Чили опять перевел взгляд на Эди. Он глядел на нее так пристально, что заметил даже веснушки у нее на груди, которых раньше не замечал. Он разглядывал ее низко вырезанное черное льняное платье с короткой юбкой, обнажавшей ноги на высоких каблуках.
Он сказал:
– Может быть, стоит показать Хью настоящие документы, чтобы мы поняли, на каком мы свете?
– Я просто думала, что это точный дубликат, – сказала Эди, – и что Томми вернул его обратно. – Она бросила взгляд на раскрытые бухгалтерские книги на столе у Хью, помолчала. – Думаете, те, что дома, отличаются?
– Если нет, – сказал Хью, – то лавочку можно уже закрывать, а нам – увольняться.
– Значит, успех всего дела в моих руках, – сказала Эди и повернулась к Чили всем корпусом, с книгами в руках. – Так я участвую в картине, а, Чил?

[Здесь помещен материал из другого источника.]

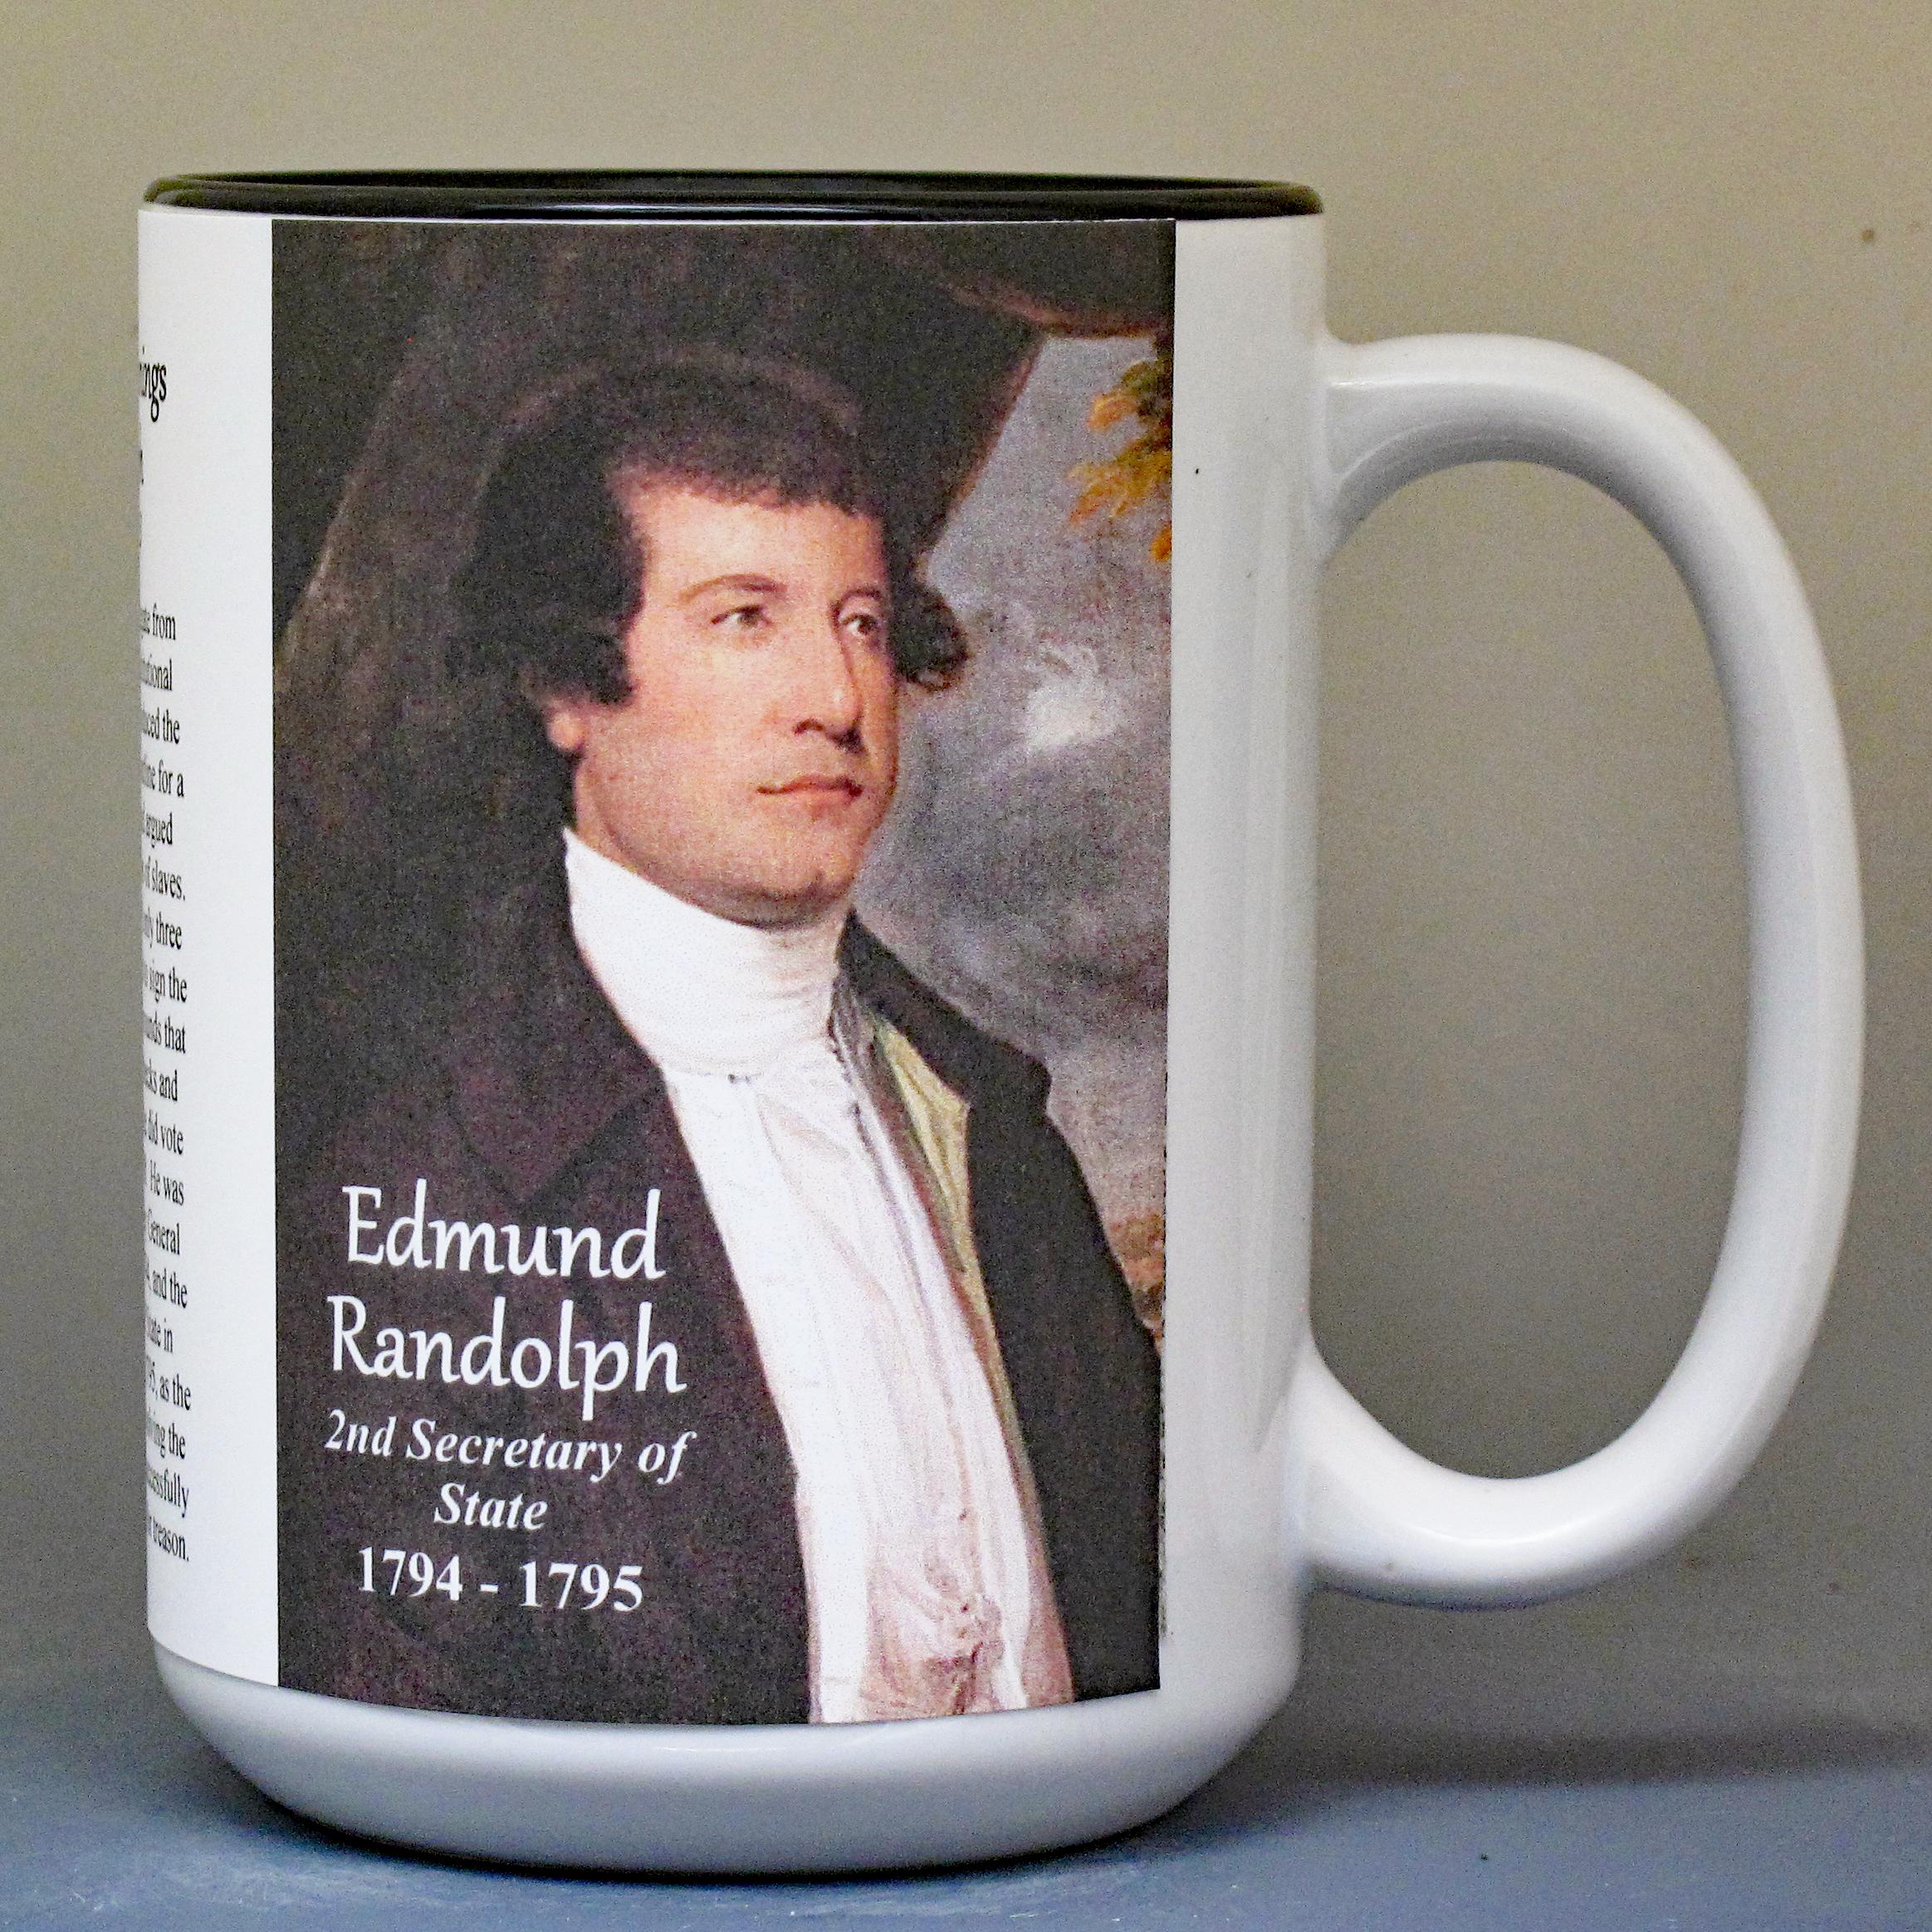 Edmund Randolph biographical history mug.
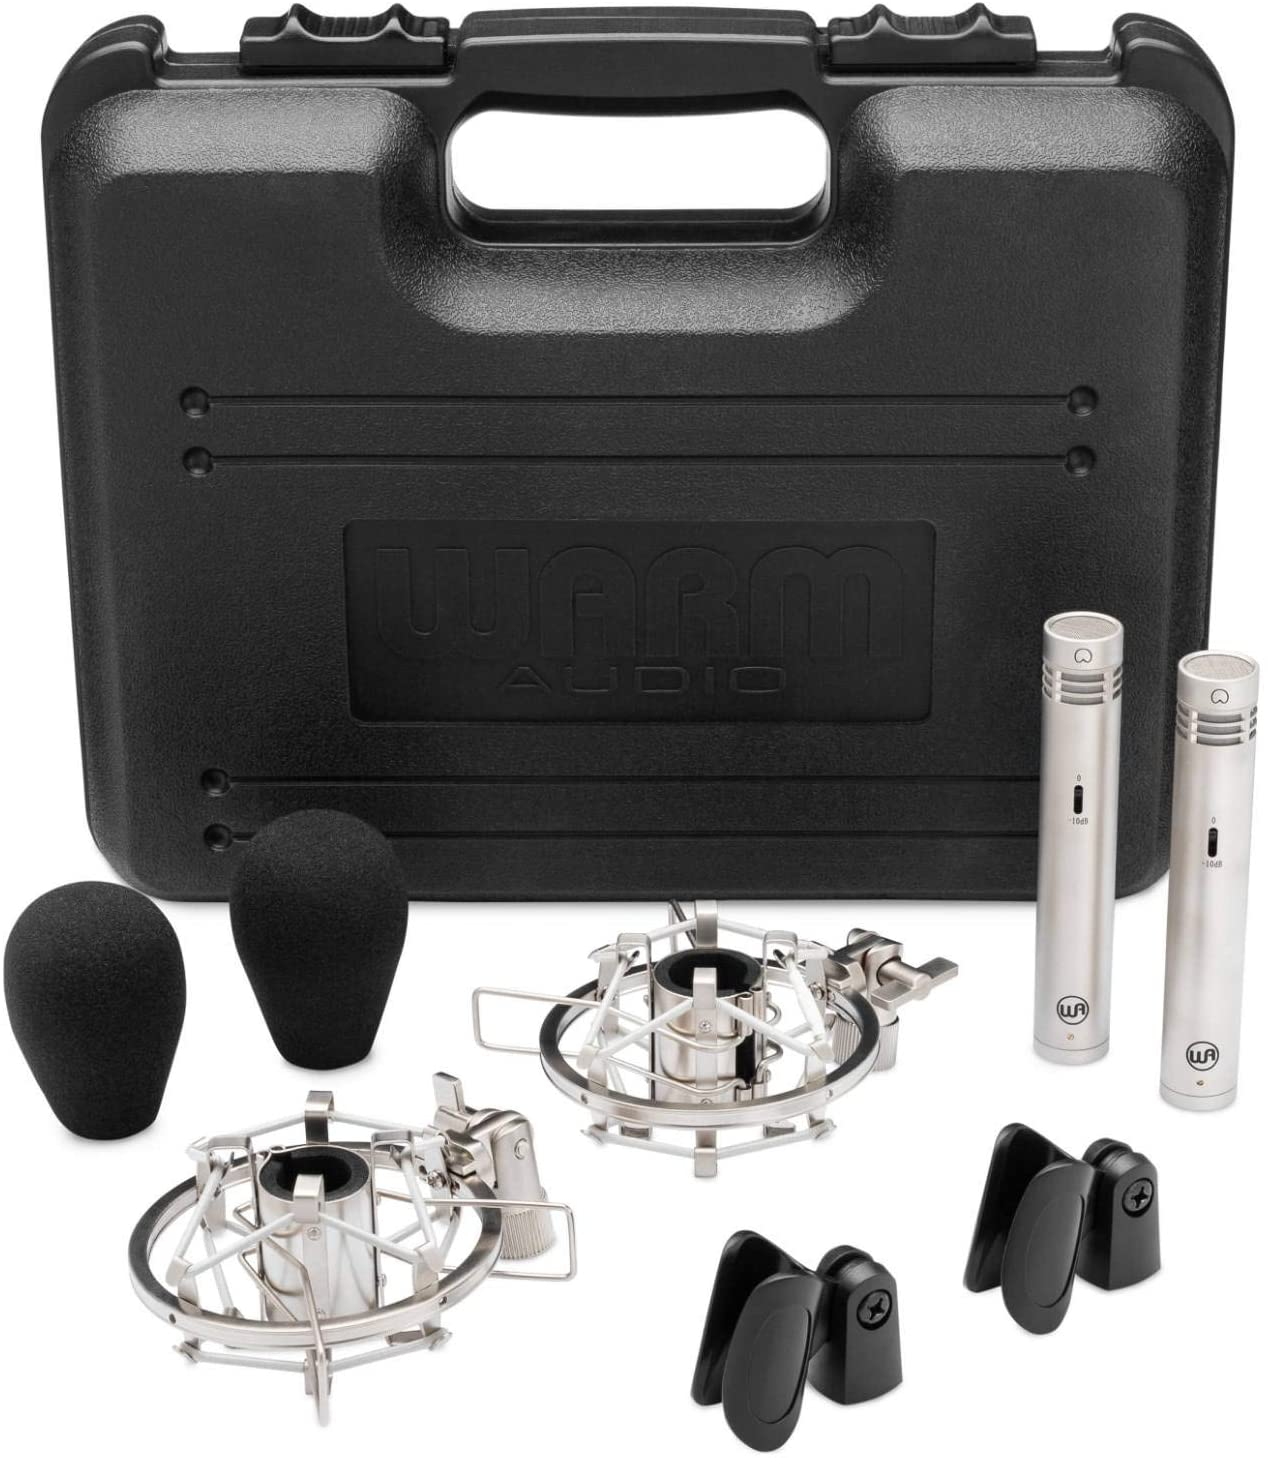 Warm Audio WA-84 Stereo Pair - Nickel

Тиффани вышла с ними из задней двери, провожая до студии. Она допытывалась, что имела в виду Эди. Она что, спрашивала, будет ли сама играть или кто-то получит ее роль? Чили сказал, что не знает. Так почему же он не спросил ее, продолжала Тиффани, вместо того чтобы заверять в том, как она ему необходима? Остановившись возле блочного флигеля на заднем дворе, он обернулся к Тиффани.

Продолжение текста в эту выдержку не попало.